Solo, Griner and Johnson have all had recent domestic violence arrests.

This will not be the article you expect it to be. Just this morning The New York Times ran the latest “troubling” article on Team USA goalkeeper Hope Solo and how her off-the-field conduct creates some dark shadow over her on-the-field accomplishments as one of the best goalkeepers on planet Earth.

Solo’s domestic incident happened almost a full year ago when she was arrested on two counts of domestic violence in a fight with her older sister and her sister’s 17-year-old son in Seattle, Wash. A couple of days ago ESPN’s Outside the Lines interviewed her sister about the incident, getting her side of the story as well as the police who were called to the scene, some of whom Solo had called lots of bad names on the way to jail.
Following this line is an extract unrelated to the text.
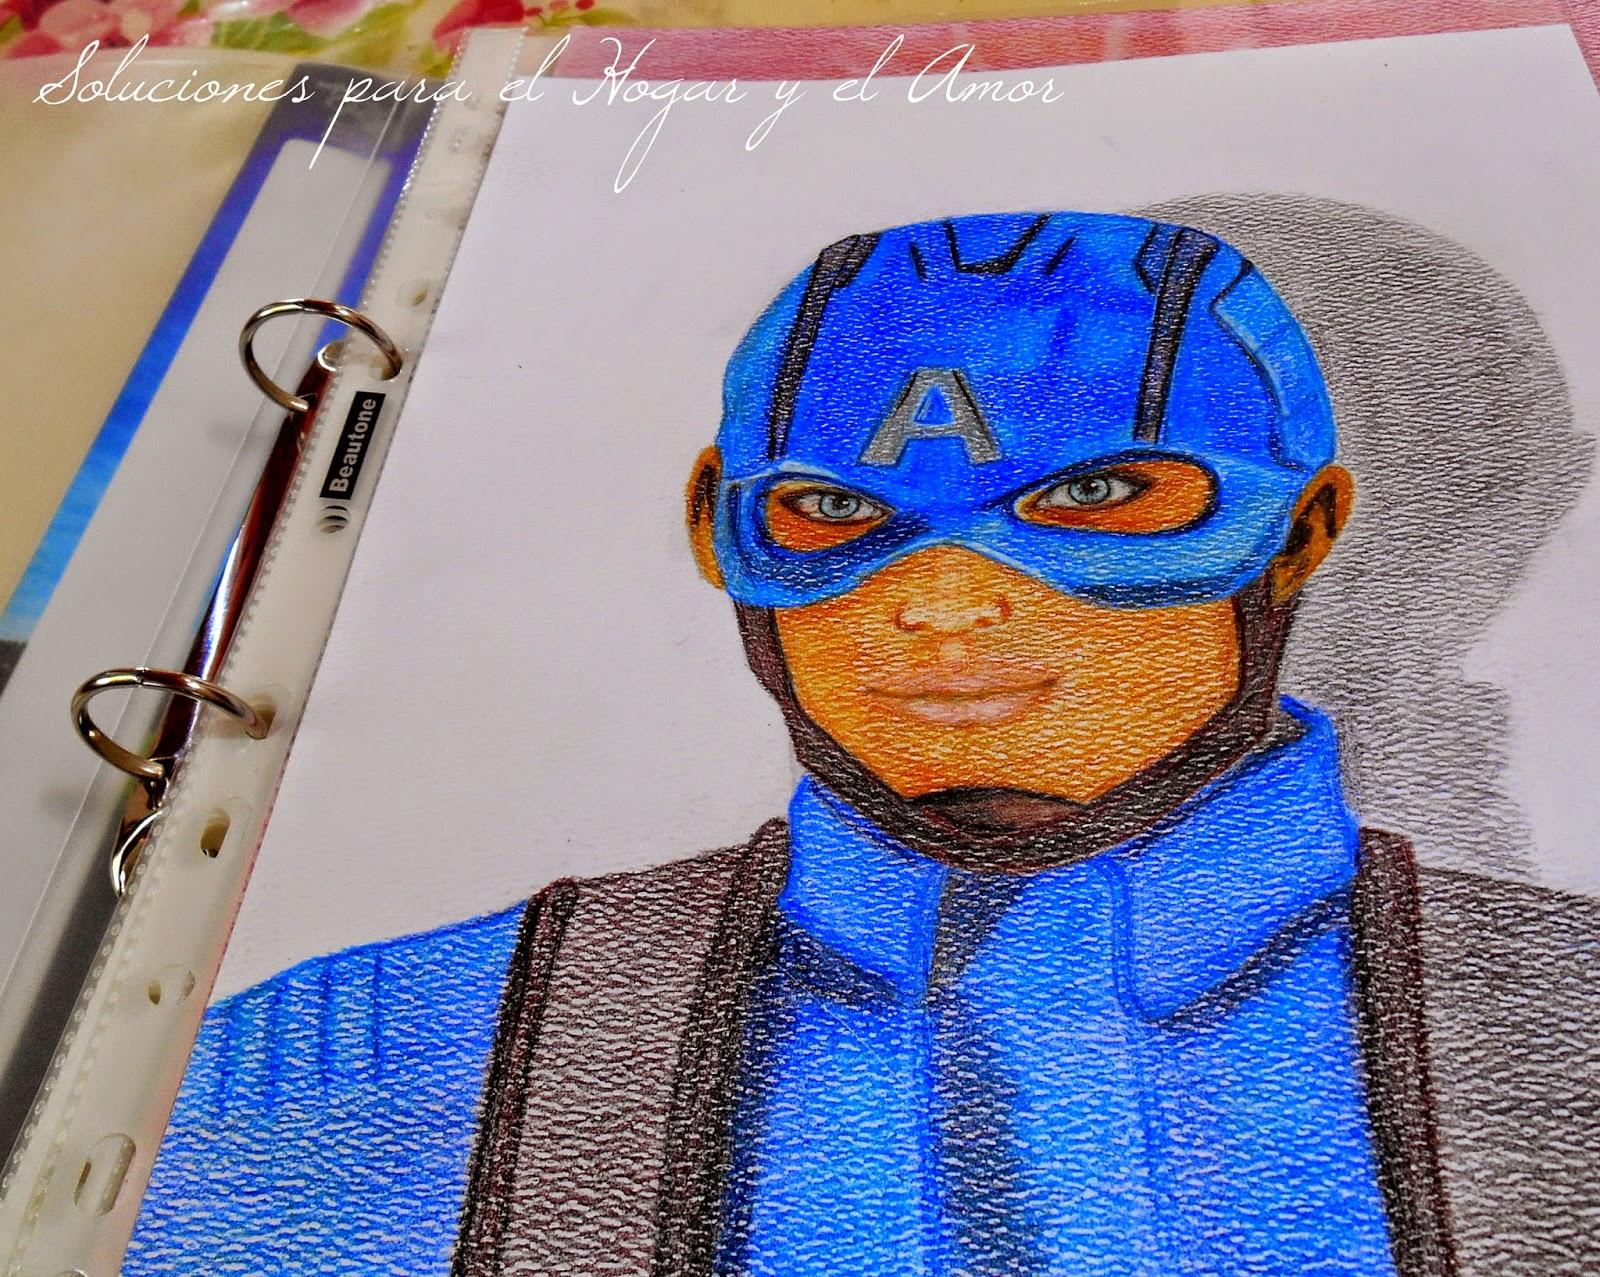 Mis Lápices y Dibujos, Capitan America, captain america
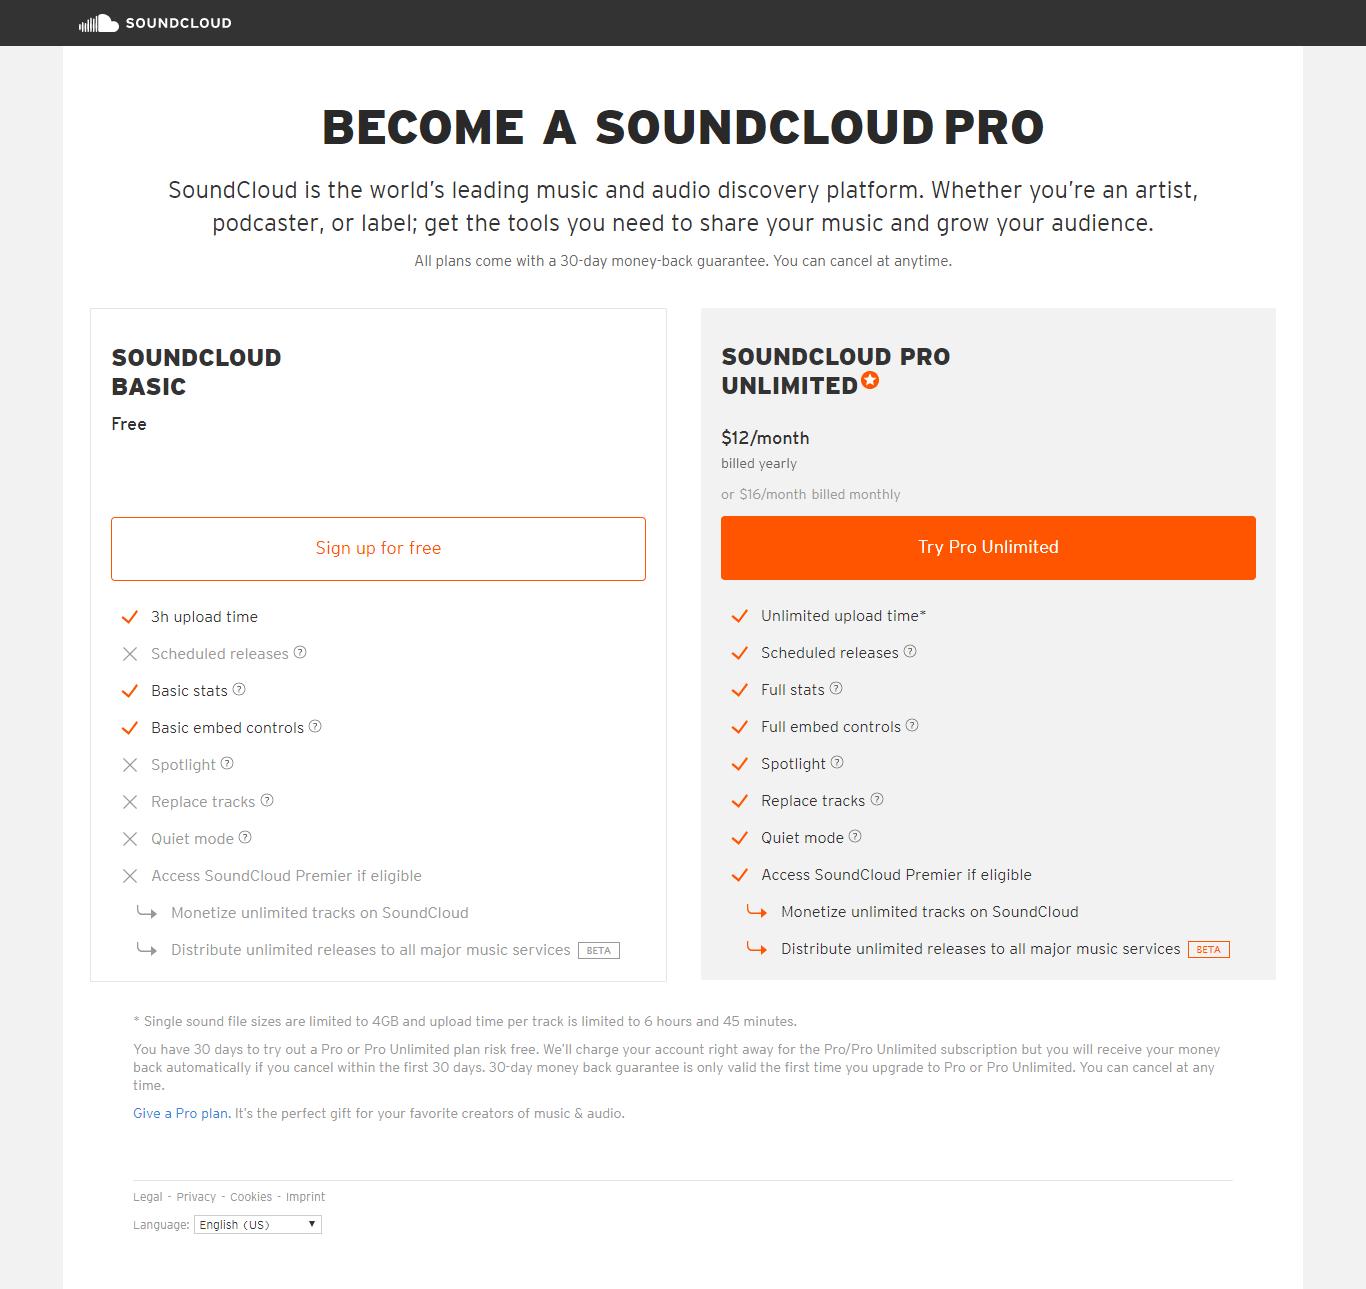 Become-a-SoundCloud-Pro-streamhash

A few weeks ago, before the Brittney Griner/Glory Johnson soap opera hit full-on Telenovella territory, there was more rending of clothes and gnashing of teeth over the two women, both arrested for getting into a physical altercation at the home they shared in Goodyear, Ariz. There were a lot of solemn, shaking heads then too and when the WNBA suspended both players for seven games to begin the season, everybody involved nearly pulled their arms out of their sockets patting themselves on the back.

We’re supposed to look at all this and feel disgusted. We’re supposed to demand that USA Soccer hold Solo accountable for her behavior and suspend her like the NFL eventually did with Greg Hardy and Adrian Peterson. We’re supposed to look at Griner and Johnson and see their fight the same way we see Ray Rice punching his fiance Janay in the face in an Atlantic City hotel elevator.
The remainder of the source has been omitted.